Paracetamol is usually the preferred drug in level I analgesia due to its limited side effects. It has analgesic and antipyretic activity that work through central and peripheral non-opioid mechanisms, which have not yet been fully characterised[38]. Nonsteroidal anti-inflammatory drugs (NSAIDs) are particular useful for treating musculoskeletal pain and are in general less favourable for visceral pain because of their toxicity to the GI tract[39]. Consequently, we recommend avoiding NSAIDs for painful CP.
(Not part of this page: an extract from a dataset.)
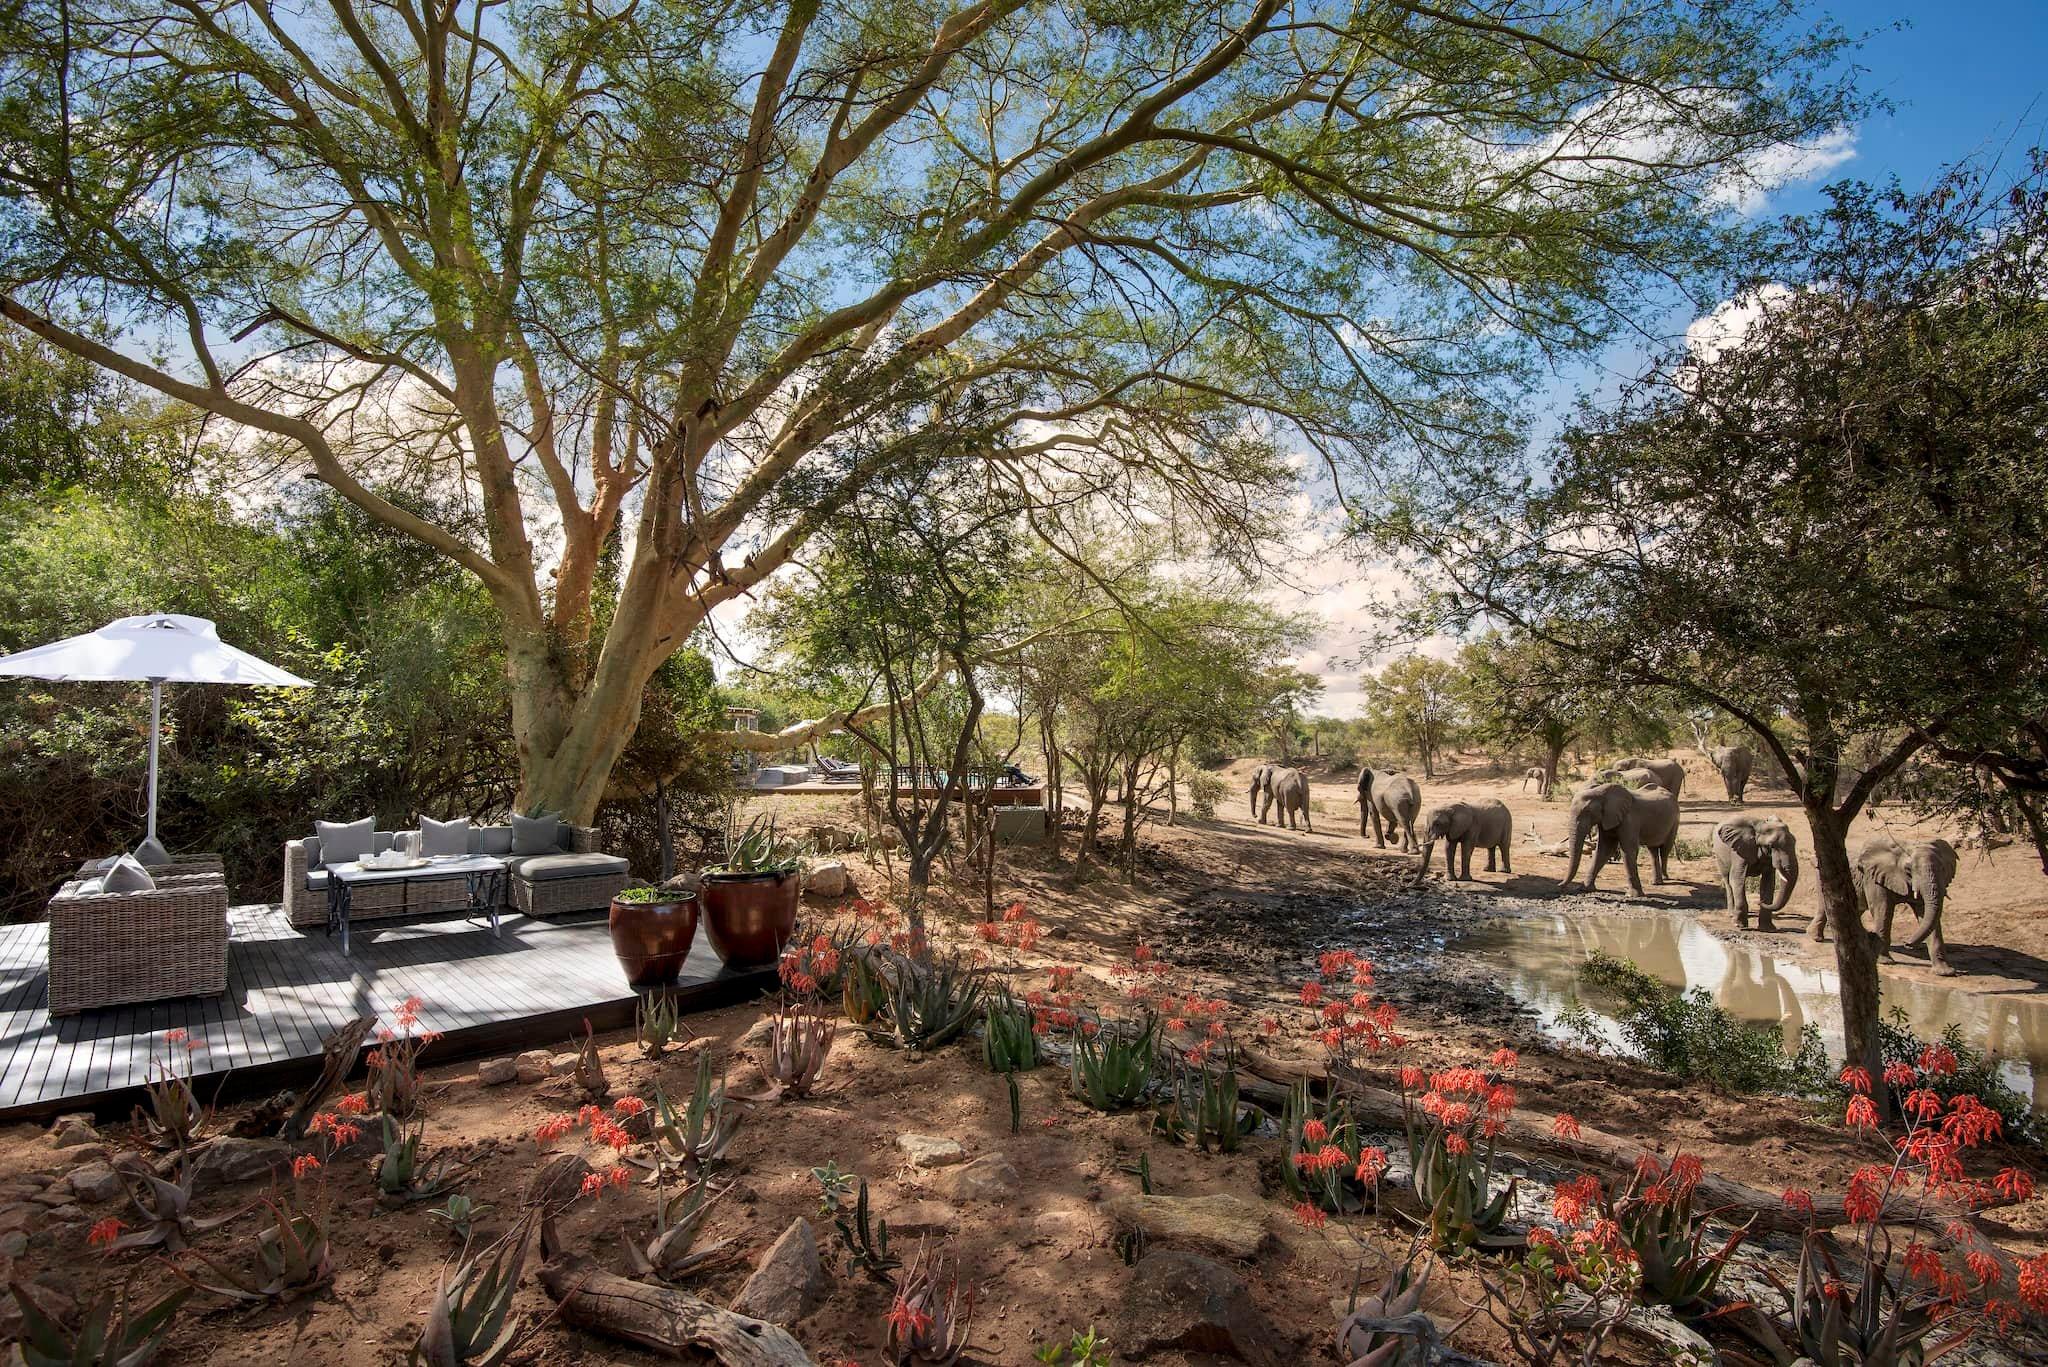 andBeyond-ngala-safari-lodge-exterior-watering-hole-view-01.jpeg

Codeine is a weak opioid in level II analgesia, but is still associated with the same spectrum of opioid-related side effects seen for stronger opioids, e.g., constipation, nausea, dyspepsia amongst other symptoms involved in opioid-induced bowel dysfunction[40]. Tramadol possesses both a weak opioid agonist activity along with an effect on noradrenaline and serotonin uptake in the spinal cord. It has been shown to be more potent than codeine and may be considered as a halfway house between level II and level III analgesics. Tramadol was also shown to be more efficacious than morphine in patients with CP, with fewer gastrointestinal side effects for the same level of analgesia[41].
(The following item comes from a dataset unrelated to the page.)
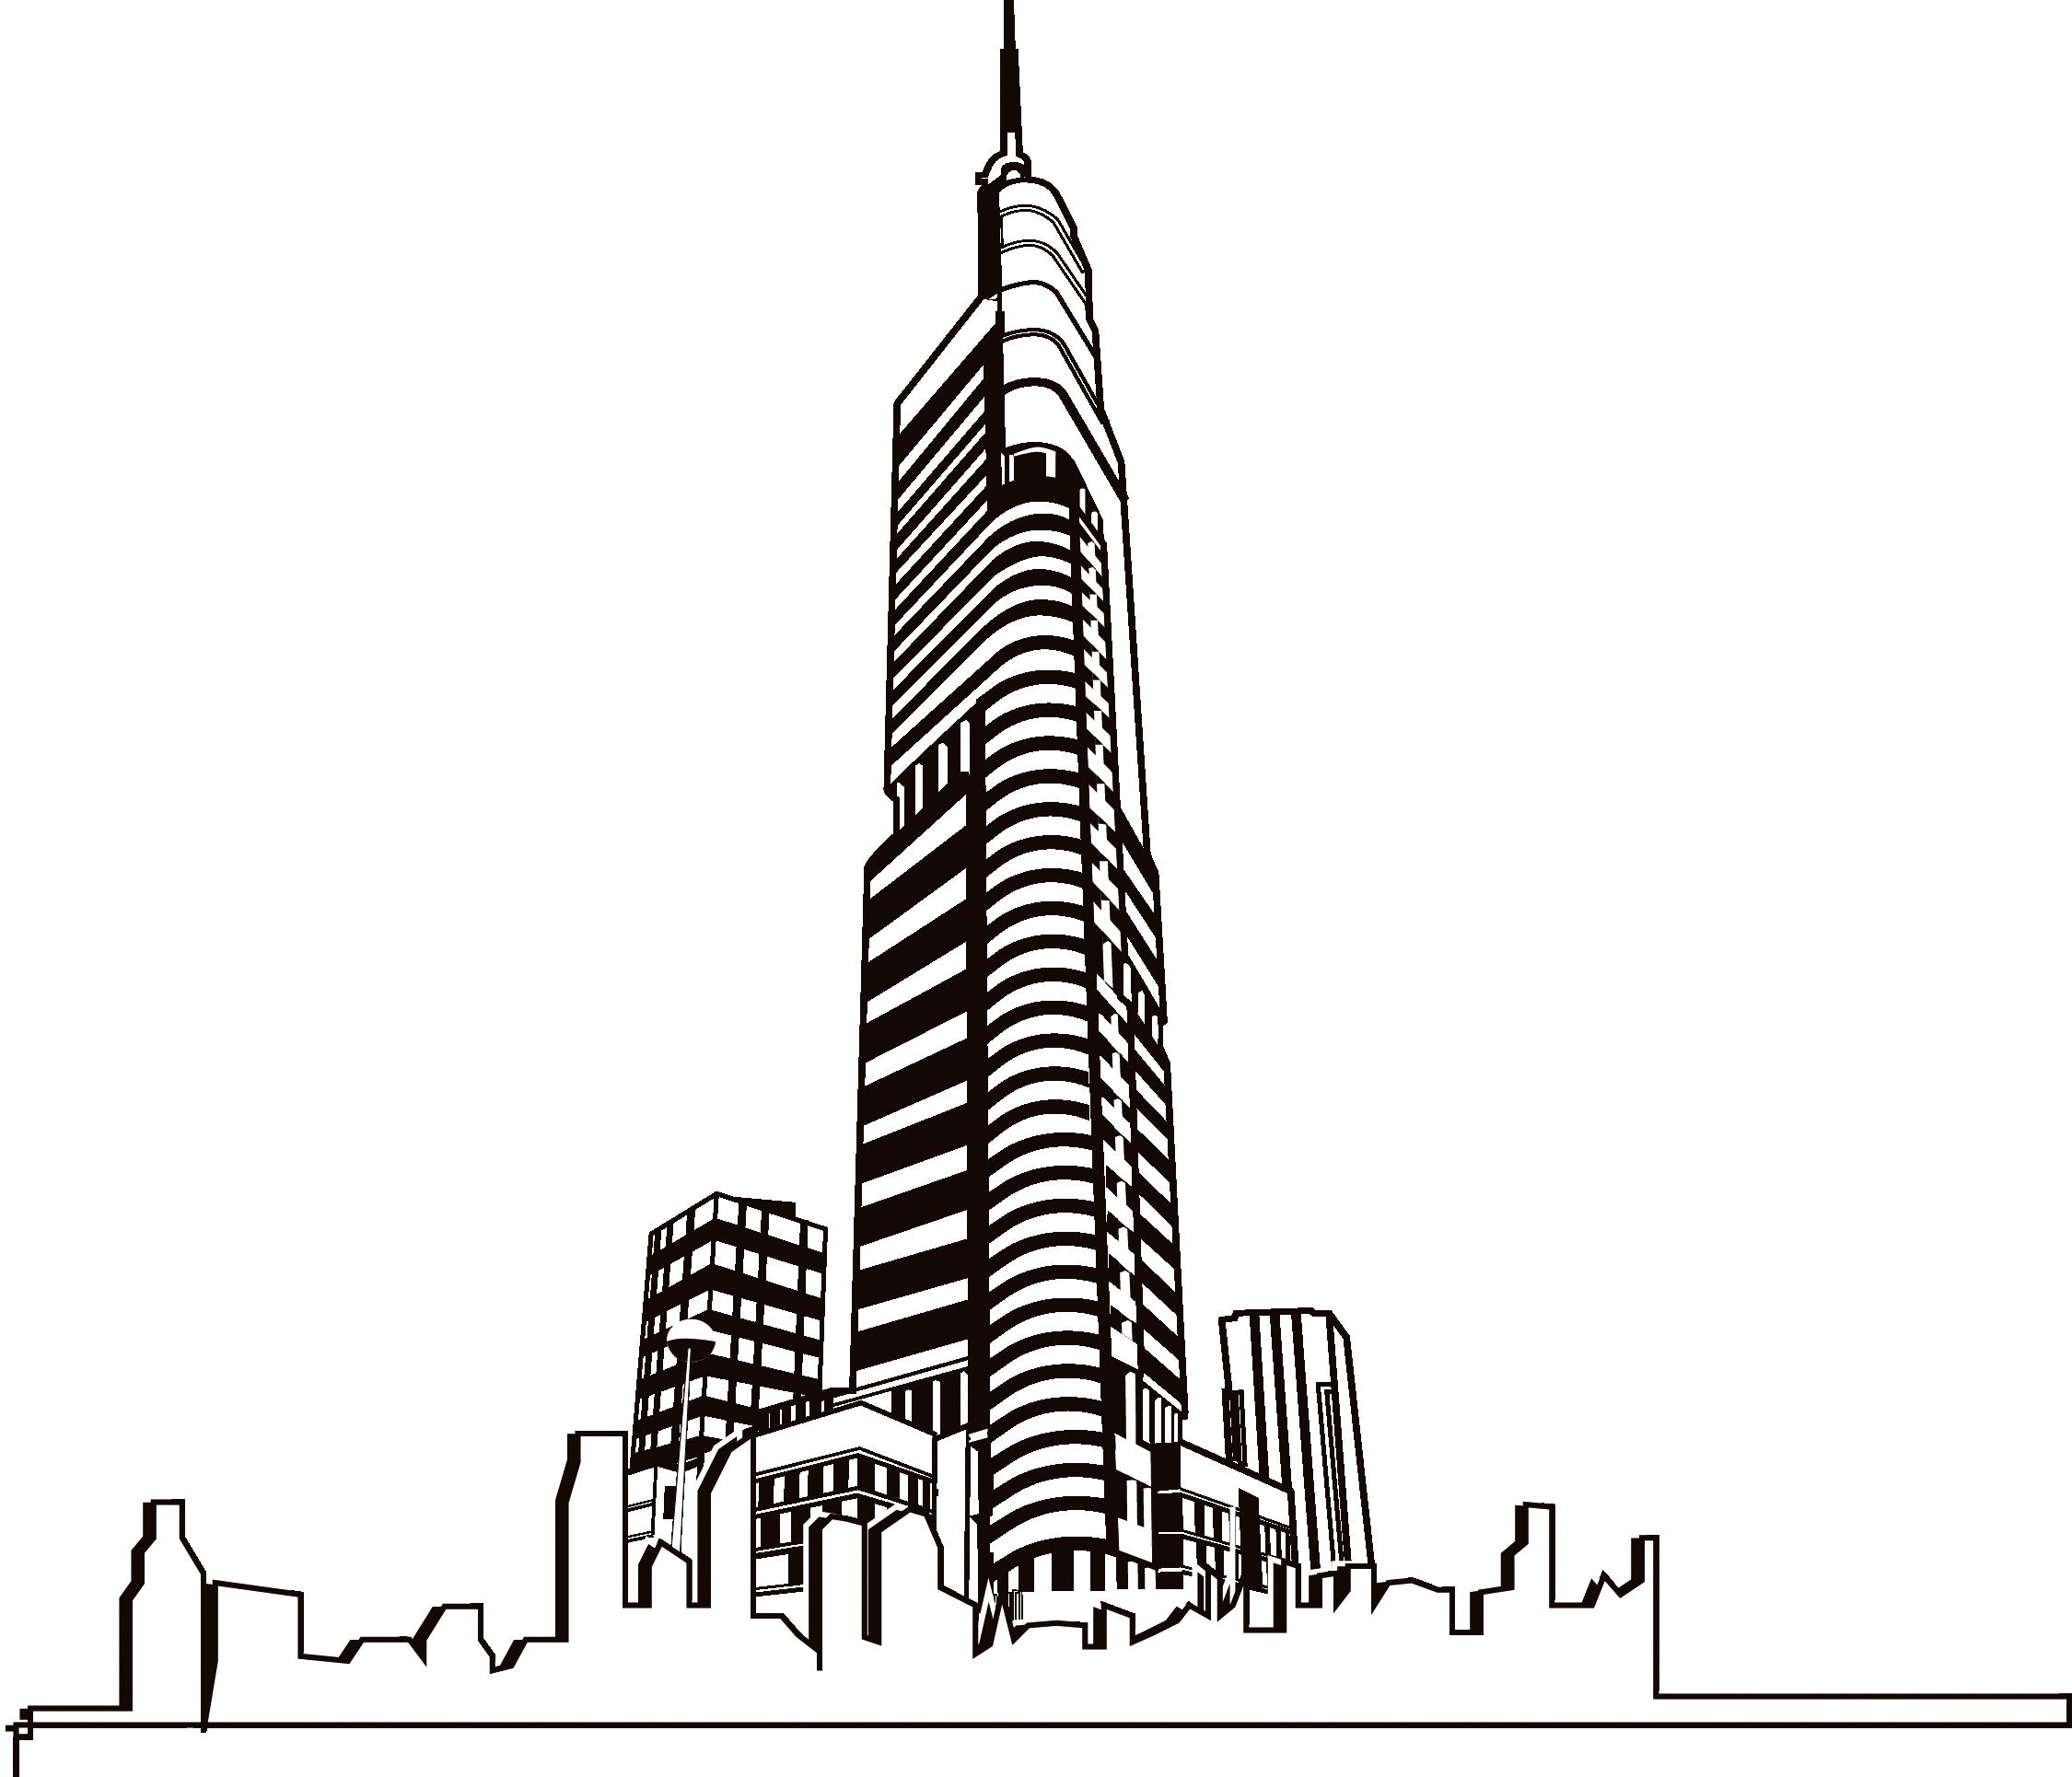 Skyscrapercity building clip art. City clipart metropolitan area

Strong opioids, such as morphine, mainly exert their analgesic effects in the central nervous system, although it is now well known that opioid receptors are synthesised in the dorsal root ganglia and transported towards both central and peripheral nerve terminals[42]. Several opioid receptors exist, including the µ-receptor, δ-receptor and the κ-receptor[43]. Most clinically available opioids have their primary activity at the µ-receptor and have been used widely to treat pain in CP patients[6]. However, animal studies have suggested that activation of the κ-receptor may be more efficacious for attenuation of gastrointestinal pain[44]. In keeping with these findings, oxycodone (an opioid targeting the µ-, δ- and κ-receptor) was shown to attenuate experimental visceral pain better than morphine in CP patients[45]. Also, in a pilot study including six CP patients with chronic abdominal pain, infusion of a peripherally restricted κ-receptor agonist (ADL 10-0101) - but not placebo - reduced clinical and experimental pain scores[46]. These findings were not replicated in patients with pain due to pancreatic cancer[47], but this may relate to the confounders associated with clinical studies on opioids[48]. Taken together, these findings may suggest differentiated effects of opioids for pain management in CP patients. However, it must be emphasized that data from well-designed clinical studies with long-term follow-up are not yet available.

Opioids used in the outpatient clinic can be administered either orally (i.e., tablets) or transdermally (i.e., patch formulation). In an open label randomized crossover trial, transdermal fentanyl plaster was compared to sustained release morphine tablets in an equipotent dosage regime[49]. No significant differences were found for pain control, patients’ preference or quality of life, while 44% of patients treated with fentanyl plaster reported skin side effects. Taken together with the increased costs of patch formulation, the authors concluded that transdermal administration of opioids cannot be recommended as first line opioid therapy for CP, but should be reserved to patients having trouble with tablet ingestion[49].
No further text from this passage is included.